A SaaS company selling to customers in the EU, UK, Canada, and Australia faces a layered international tax compliance picture that most US-based founders discover only when a foreign tax authority sends an assessment. The core mechanism to understand first is the reverse charge - the rule that, in B2B transactions, shifts the VAT liability from the seller to the buyer, eliminating the seller's registration requirement in the buyer's country. Once you understand reverse charge, you can map which of your revenue streams require foreign registration and which do not.
What it is: In most countries, when a business (not a consumer) purchases digital services from a foreign supplier, the buyer "self-assesses" the VAT - calculates it, reports it on their own VAT return, and pays it to their own tax authority. The foreign seller (the US SaaS company) does not collect, charge, or remit any VAT on that transaction.
What it means for US SaaS: A US SaaS company selling a $10,000/month enterprise subscription to a German GmbH does not need to register for German VAT, charge German VAT, or file German VAT returns. The German company handles its own VAT through its local return.
The catch: This only applies to B2B. Sales to European consumers (B2C) require the seller to register and remit VAT. The EU has made this manageable through the OSS regime.
Since July 2021, US SaaS companies selling to EU consumers (B2C) can use the Non-Union One-Stop Shop (OSS) to manage EU VAT compliance through a single registration in one EU member state. Without OSS, a SaaS company with B2C customers in France, Germany, and Italy would need separate VAT registrations in all three. With the Non-Union OSS (registered in one EU state - Ireland is common), the company files a single quarterly VAT return covering all EU member states and remits to the single registration state, which distributes to the others.
VAT rates vary by EU member state - from 17% in Luxembourg to 27% in Hungary - and the applicable rate is the rate of the customer's country. The OSS handles the calculation and reporting, but the SaaS company must still charge the correct country-specific rate to each customer at the point of sale.
The reverse charge benefit for B2B requires the buyer to be a taxable person (VAT-registered business) in their country. The US SaaS company must collect and verify the buyer's VAT identification number. In the EU, a valid VAT ID can be verified against the VIES (VAT Information Exchange System) database. Selling to a buyer who provides a VAT number that validates = B2B reverse charge applies. Selling to a buyer with no VAT number = B2C, OSS VAT applies.

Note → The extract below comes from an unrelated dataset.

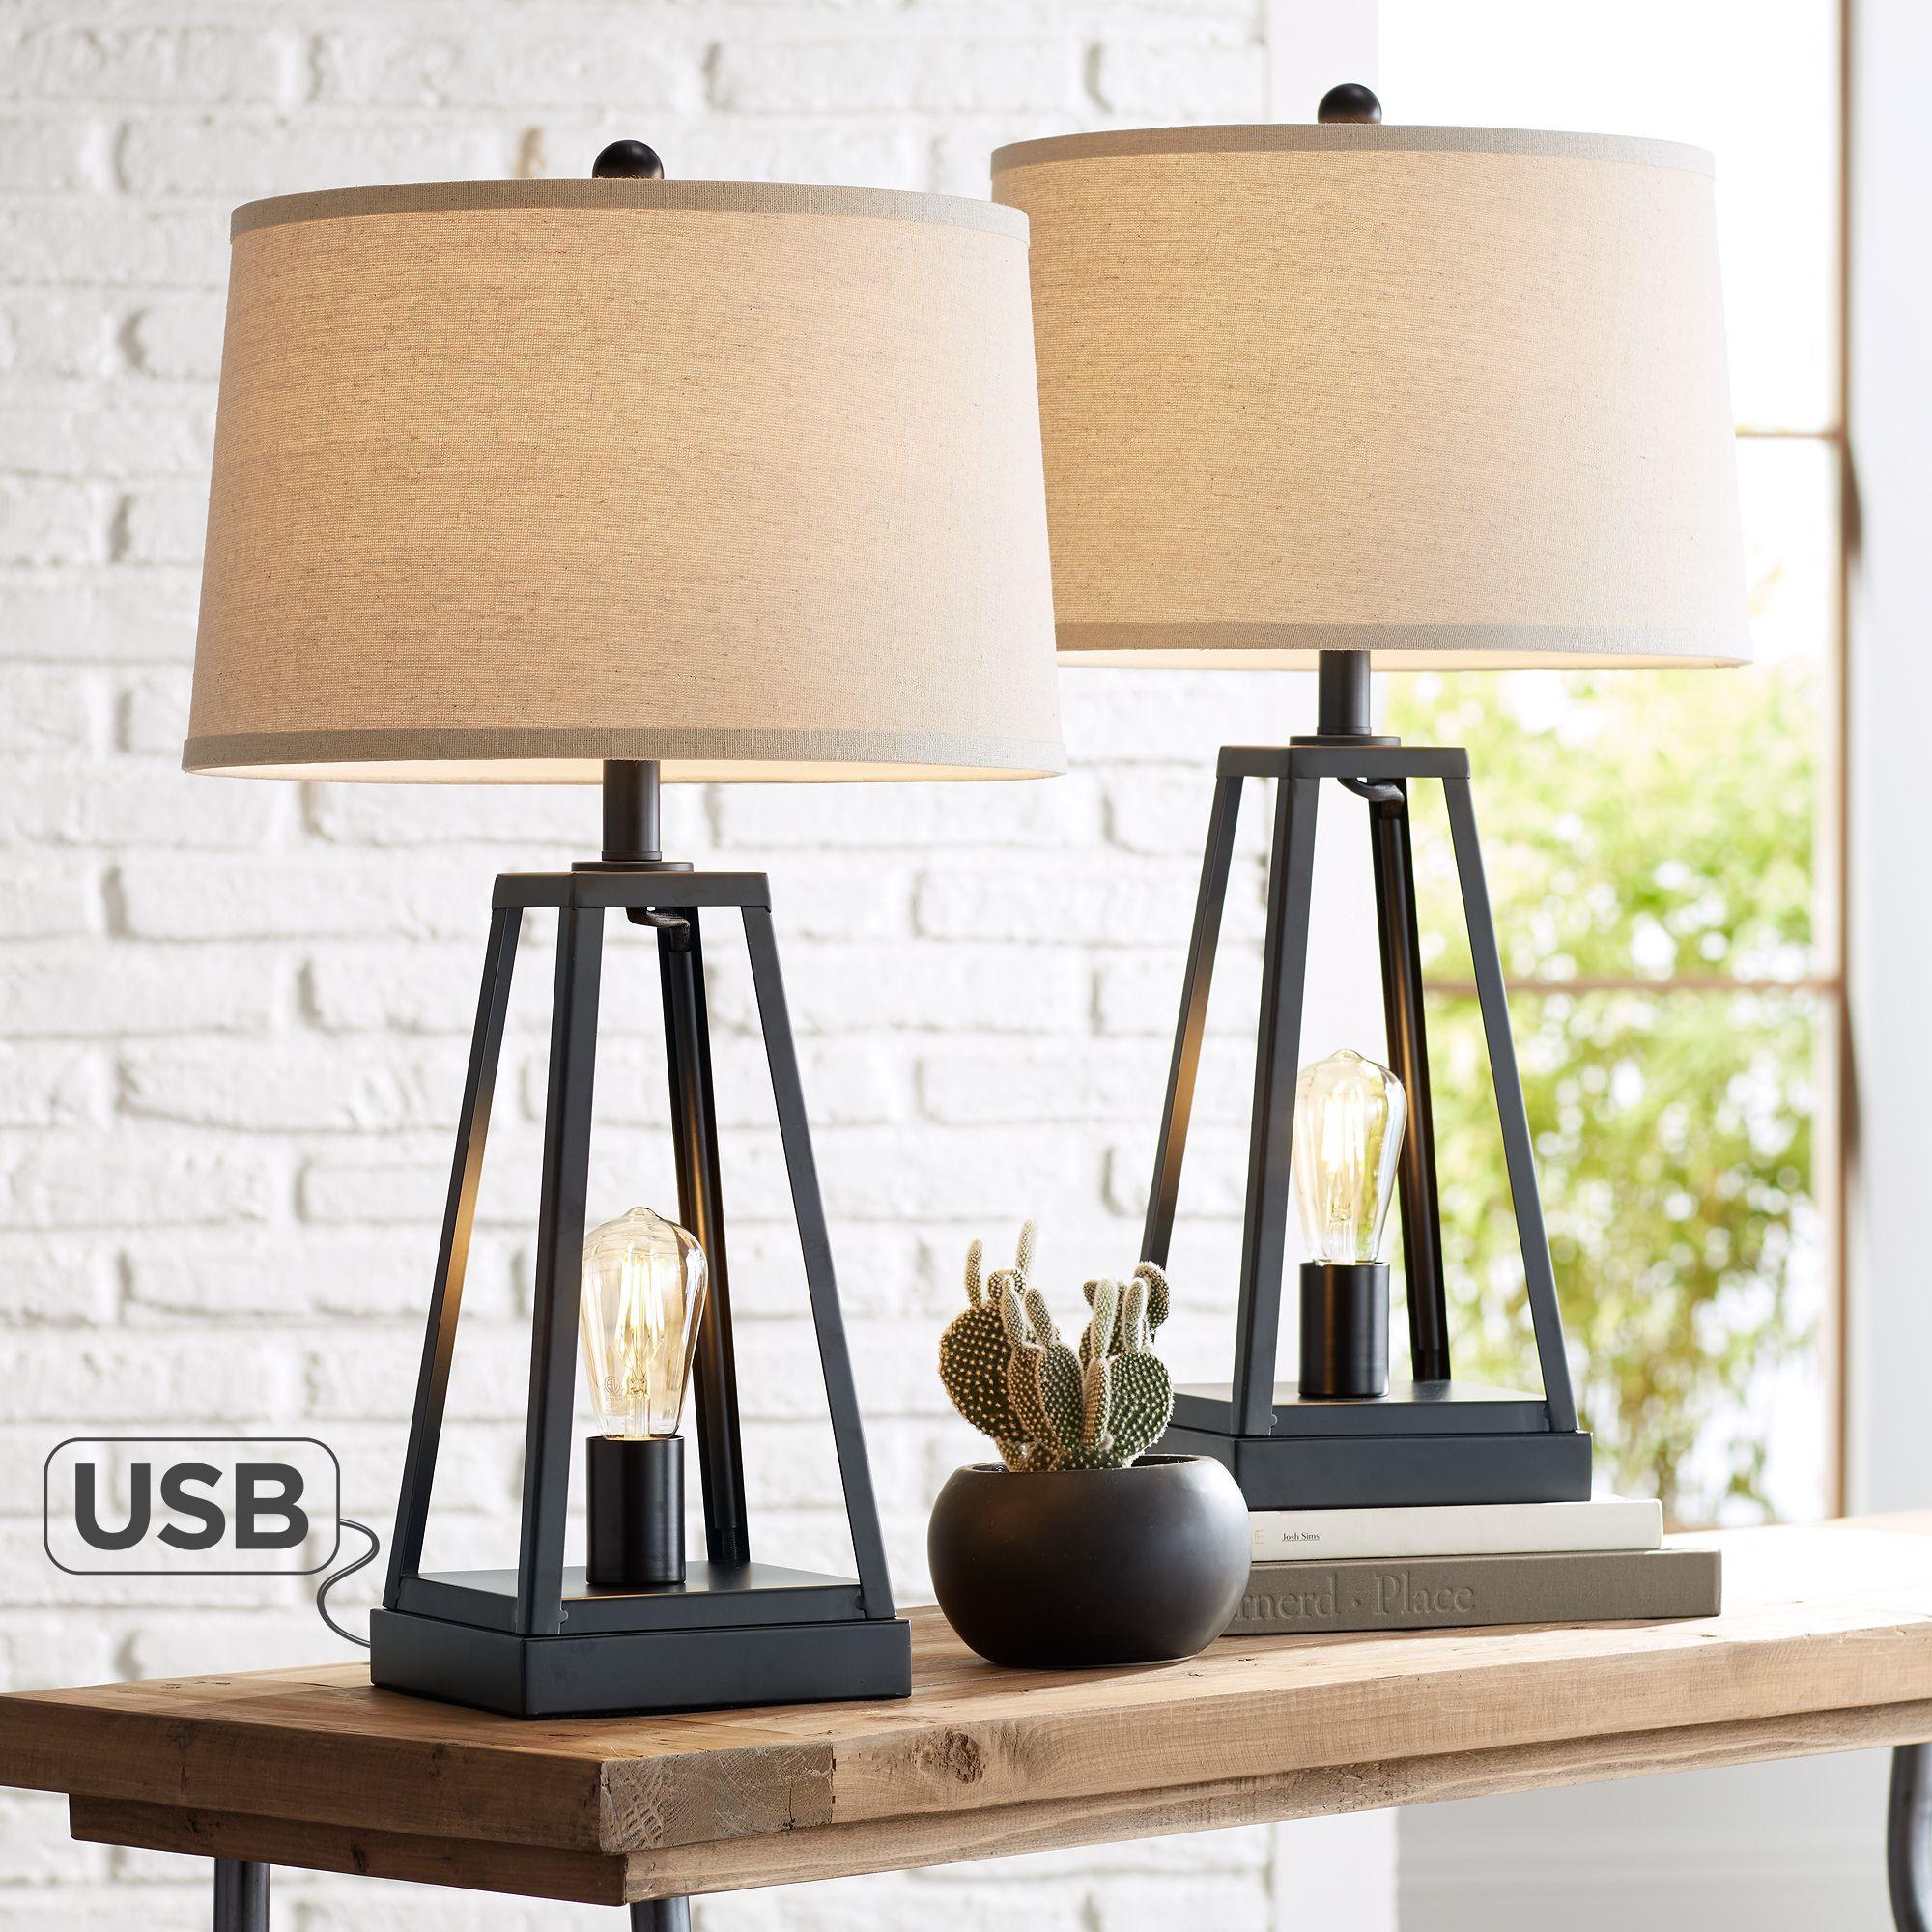 Kacey metal led night light usb table lamps set of 2

The UK is no longer part of the EU VAT system after Brexit. A US SaaS company selling B2C digital services to UK consumers must register separately for UK VAT if it meets the registration threshold (currently £85,000 in UK taxable supplies per year). UK B2B sales are handled by the UK domestic reverse charge - the UK business buyer self-assesses. The mechanics parallel the EU but the registration, rates (standard UK VAT is 20%), and filing are entirely separate from the EU OSS.
Canada requires non-resident digital service providers to register for GST/HST under the simplified registration regime if they supply digital services to Canadian consumers and cross the CAD $30,000 threshold. The simplified regime requires registration and collection but does not require appointment of a Canadian agent or extensive Canadian entity formation. B2B sales to GST/HST registered Canadian businesses are zero-rated (reverse charge equivalent) - no Canadian GST/HST charged by the US seller.
For US corporations, the Foreign-Derived Intangible Income (FDII) deduction under IRC §250(b) provides a deduction for a portion of income derived from services and intangible property sold to foreign customers. For SaaS companies with significant foreign B2B or B2C revenue, FDII can meaningfully reduce the effective US federal tax rate on that foreign income below the standard 21% corporate rate. The FDII deduction is calculated against Deemed Intangible Income (DII) - corporate income in excess of a 10% routine return on qualified business assets. OBBBA adjusted the FDII deduction percentage; consult your advisor for the current rate applicable to your tax year.